After the war its resources were greatly reduced. It began to operate mainly through a system of (sometimes grudging) co-operation with the diplomatic service. Most embassies acquired a "Passport Control Officer" who was in fact the SIS head for that country. This gave SIS's operatives a degree of cover and diplomatic immunity, but the system probably lasted too long and was an open secret by the 1930s. In the immediate post-war years and throughout most of the 1920s, SIS was preoccupied with Communism, and Communist Russia in particular. Sidney Reilly[?] was loosely associated with SIS until his capture, and SIS sponsored and supported both his and Boris Savinkov[?]'s attempts to bring down the Communist regime, in addition to running more orthodox espionage efforts within Russia.
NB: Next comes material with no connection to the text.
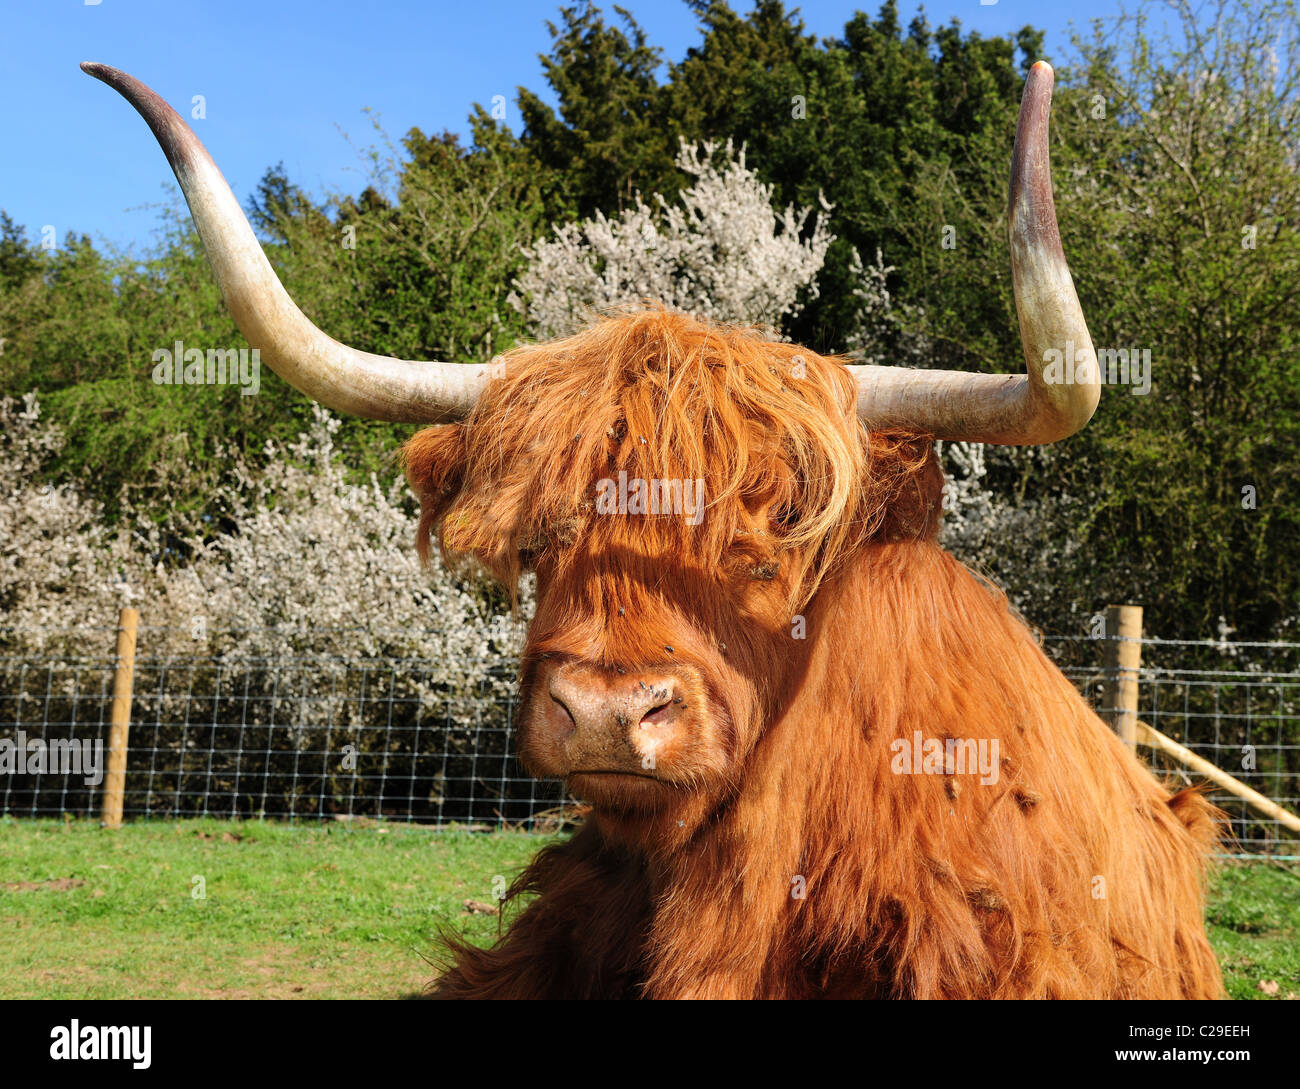 Highland ganado o kyloe. Una escocesa antigua raza de ganado vacuno, con elegantes cuernos largos y abrigos largos, Foto de stock

Cumming died (in his office) in 1923 and was replaced as "C" by Admiral Hugh 'Quex' Sinclair, who is agreed by historians to have been far less effective as a director. He was not incompetent, but he did not have the advantage of Cummings' force of personality, and was unable to command the respect and obedience of his men as effectively as Cumming had.
Along with the rest of the intelligence community and the wider government, SIS switched focus in the 1930s to Nazi Germany. Again its success was rather modest; although it did acquire several quite reliable sources within the Government and also the German Admiralty, its information was probably less comprehensive than that provided by the rival network of Robert Vansittart[?], the permanent undersecretary at the Foreign Office[?].
'Quex' Sinclair died in 1939 and was replaced as "C" by Lt. Col. Stewart Menzies. Menzies was another run-of-the-mill chief; by common consent, SIS did not have a head of Cummings' calibre until Dick White, in the post-war era.
During the Second World War, SIS was overshadowed in intelligence terms by several other initiatives, including the massive cryptanalytic effort undertaken by GC & CS (the bureau responsible for interception and decryption of foreign communications) at Bletchley Park, the extensive "double-cross" system run by MI5 to feed misleading intelligence to the Germans, and the work of the Photographic Reconnaissance Unit. It was also affected by the inflammatory activities of the Special Operations Executive, which tended to increase the danger to its own agents. Its most famous operation of the war was a spectacular failure known as the Venlo incident (after the Dutch town where much of the action took place), in which SIS was thoroughly duped by agents of the German secret service, the Abwehr, posing as high-ranking Army officers involved in a plot to depose Hitler. After a series of meetings between SIS agents and the 'conspirators' at which SS plans to abduct the SIS team were shelved due to the presence of Dutch police, a meeting took place without a police presence, and two SIS agents were duly abducted by the SS. This failure tarnished the service's reputation considerably.
Since 1997? SIS activities have been subject to scrutiny by Parliament's Intelligence and Security Committee.
The SIS headquarters since 1995 is at Vauxhall Cross[?], located in Vauxhall in London, on the bank of the River Thames beside the Vauxhall Bridge[?].
The fictional spy James Bond supposedly worked for SIS (though the books by Ian Fleming should not be taken too seriously), and in fact the SIS building features in some of the Pierce Brosnan films.